L'Agriculture et la formation Agricole en Syrie

Dr. Hussein AL MOHAMMAD, Faculté d'Agriculture, Université d'Alep (Decembre 2008)
 

L'agriculture est une force de la Syrie, le secteur agricole est un moteur essentiel de la croissance économique du pays, il fournit au pays 30% du PIB (soit 5.1 milliards USD) et occupe un quart de la population active. Depuis les dernières décennies, elle n'a cessé de se transformer et affiche aujourd'hui de bons résultats. La production a augmenté, de nouvelles technologies ont été introduites et le niveau de vie des exploitants agricoles s'est bien amélioré. L'Etat a largement contribué à ce succès.

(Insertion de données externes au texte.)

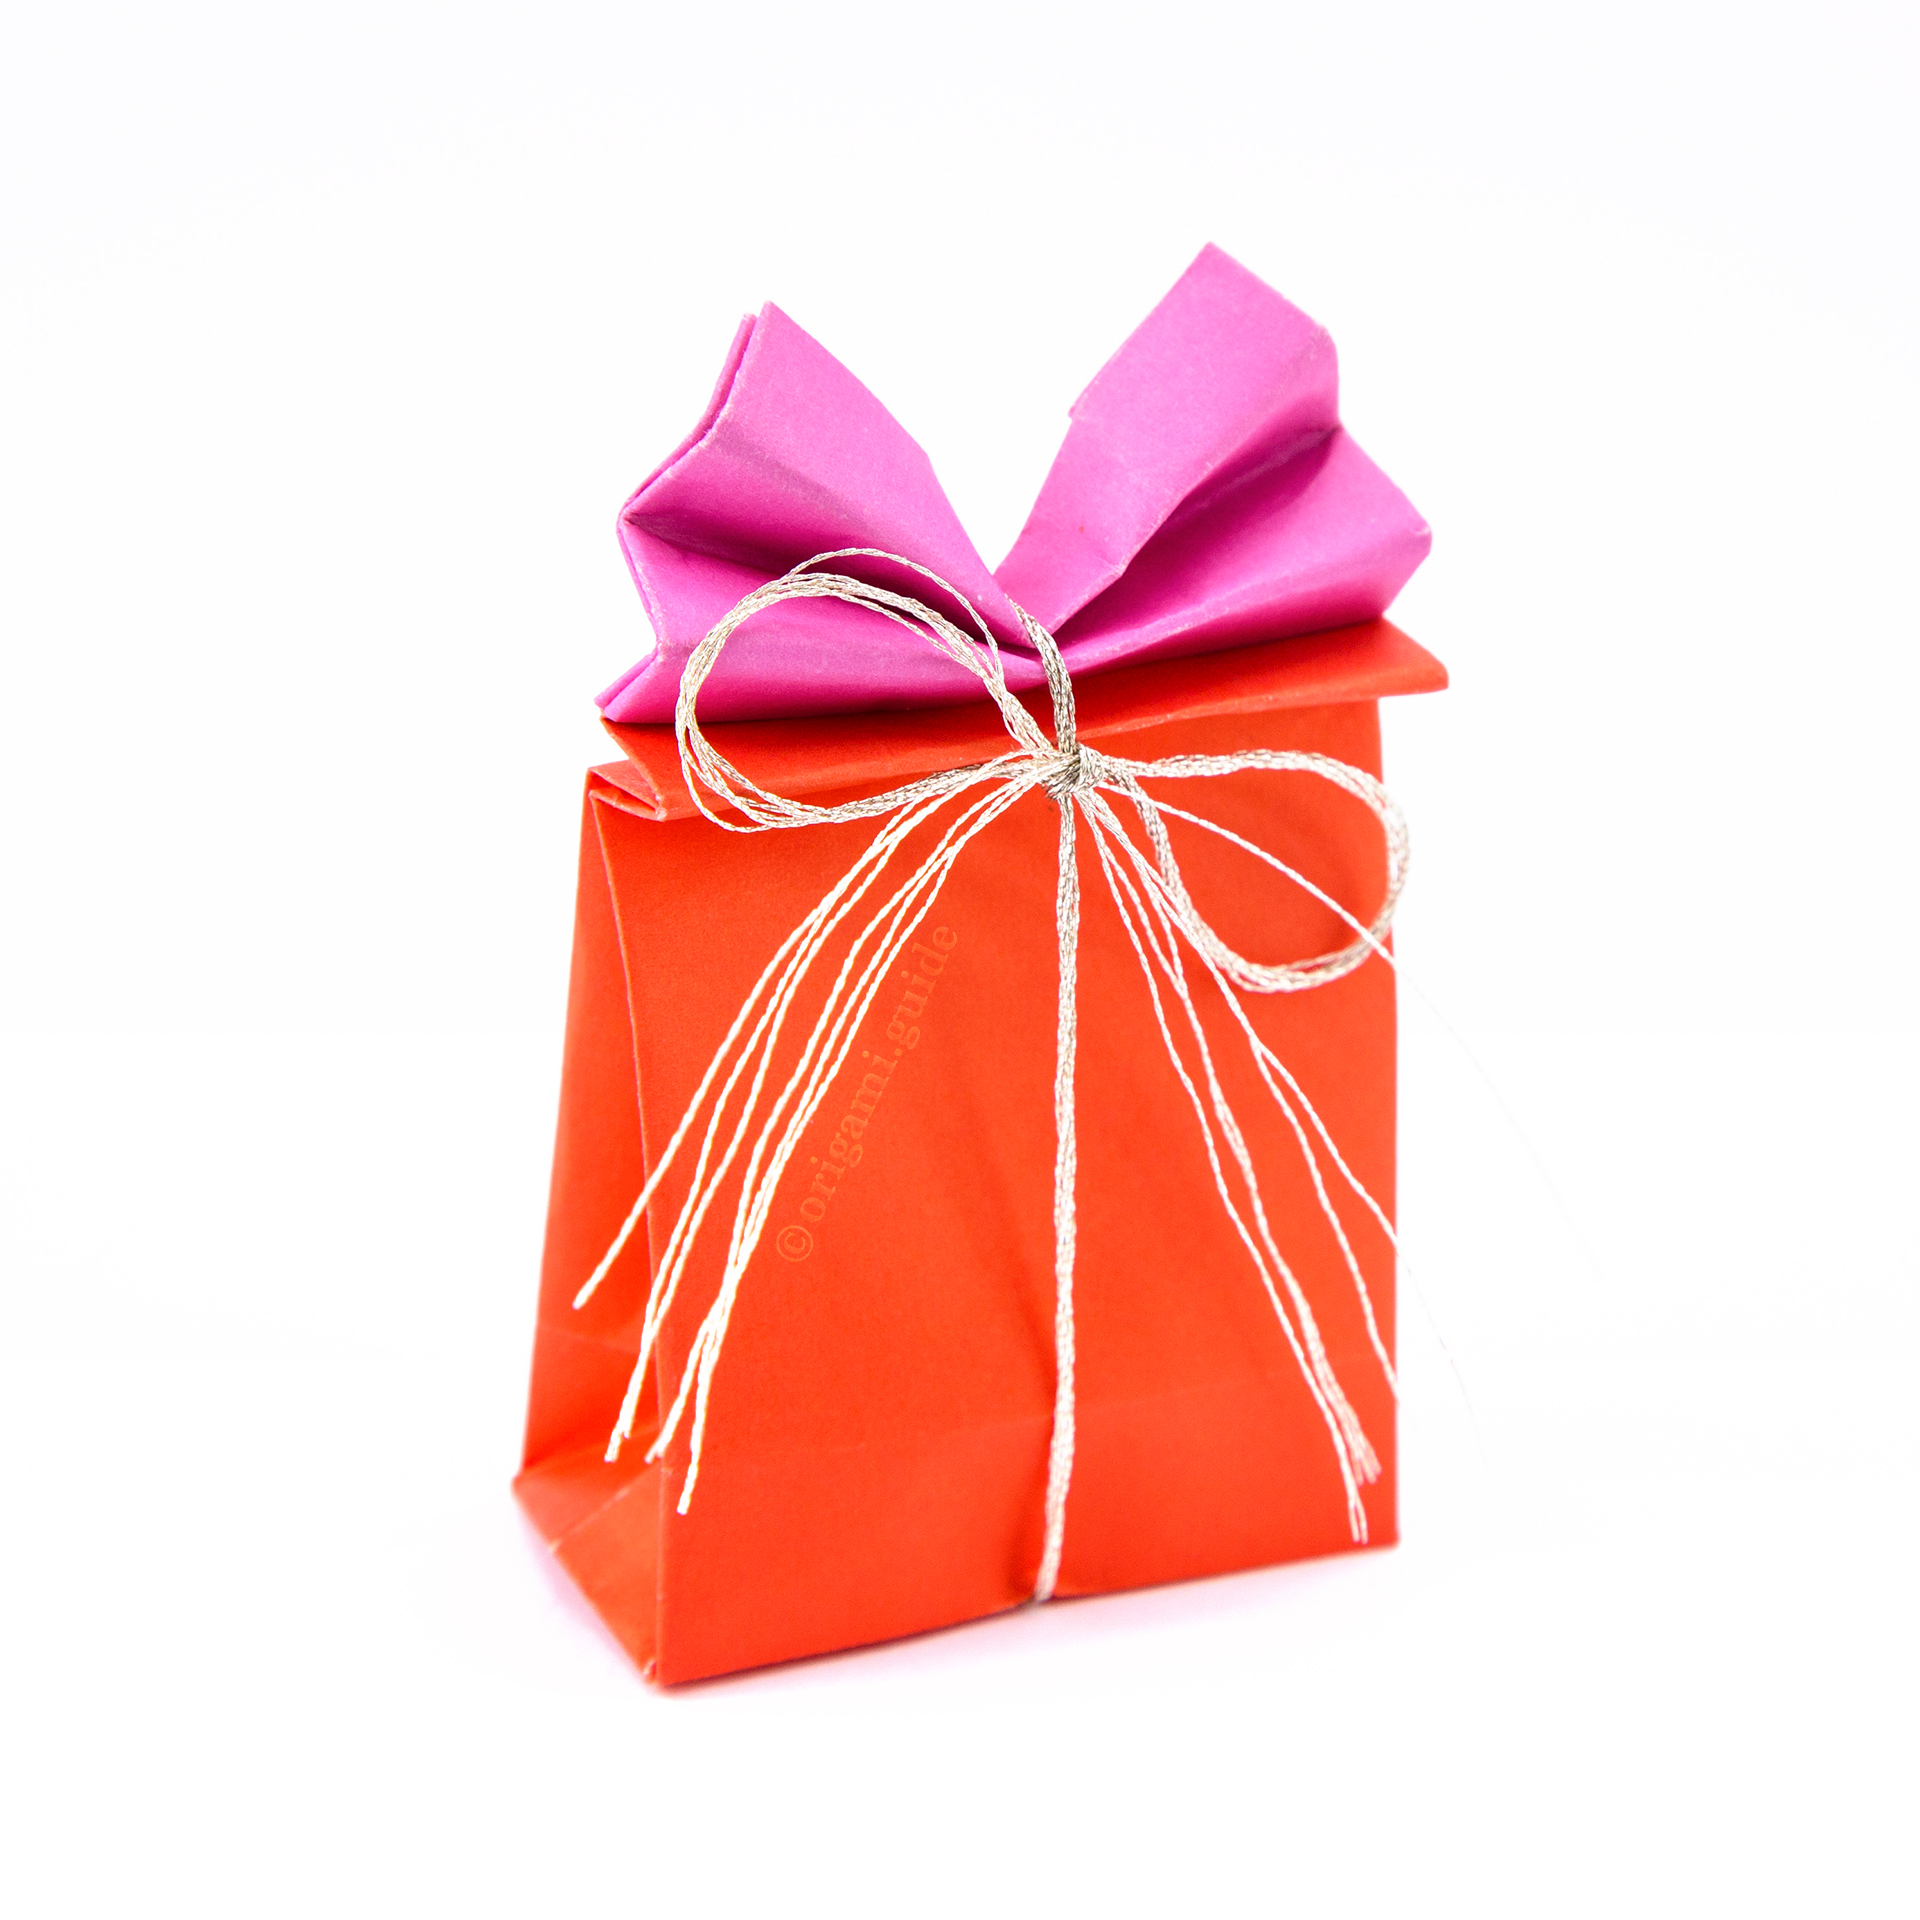 origami gift bag tutorial 00
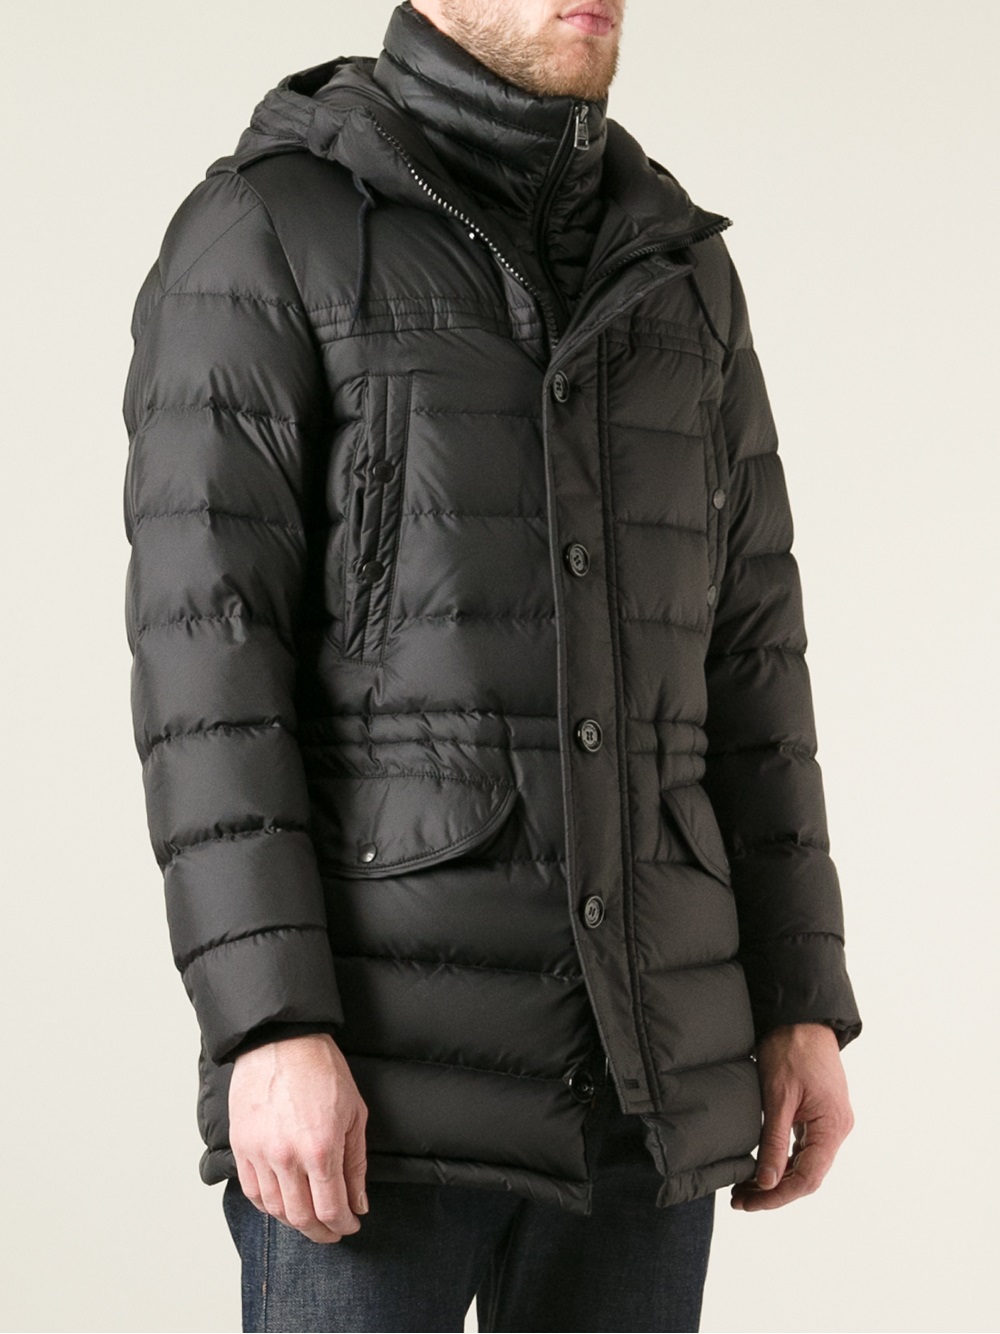 Moncler Rhone Padded Jacket in Black for Men - Lyst

Il a en effet beaucoup investi dans le secteur agricole et a ordonné de nombreuses réformes : développement de l'irrigation, contrôle des productions, fixation des prix, etc… En conséquence, la Syrie est passée pour certaines cultures d'importatrice à exportatrice.

 Le pays réalise des taux de production bien élevés, et cherche à exporter son excédent vers les pays voisins et l'Europe, comme le blé dur (4ème rang mondial), le coton est une culture d'exportation, avec 250.000-275.000 tonnes exportées annuellement, la Syrie occupe le 9ème rang mondial (environ 6 % des exportations du pays). Elle est encore devenue depuis quelques années exportatrice huile d'olive et olives (5ème production mondiale). Légumes (légumes secs, tomates,…) et fruits (raison, oranges, …) occupent une place croissante dans l'agriculture et dans les exportations syriennes.

Aujourd'hui le contrôle de l'Etat est moins fort et laisse plus de place au secteur privé. Toutefois, l'Etat continue de surveiller étroitement les cultures stratégiques comme les céréales, le coton, le sucre, les lentilles, les pois chiches et le tabac qui représentent la moitié de la production en valeur et occupe les trois quarts de la surface cultivée.

Pourtant, Les régions arides et semi arides couvrent plus de 70% du territoire syrien et l'agriculture syrienne est actuellement en face des graves problèmes liés aux ressources insuffisantes en eau et aux aléas climatiques, augmentation de petite propriété agricole et  l'absence de systèmes de formation et de communication efficaces.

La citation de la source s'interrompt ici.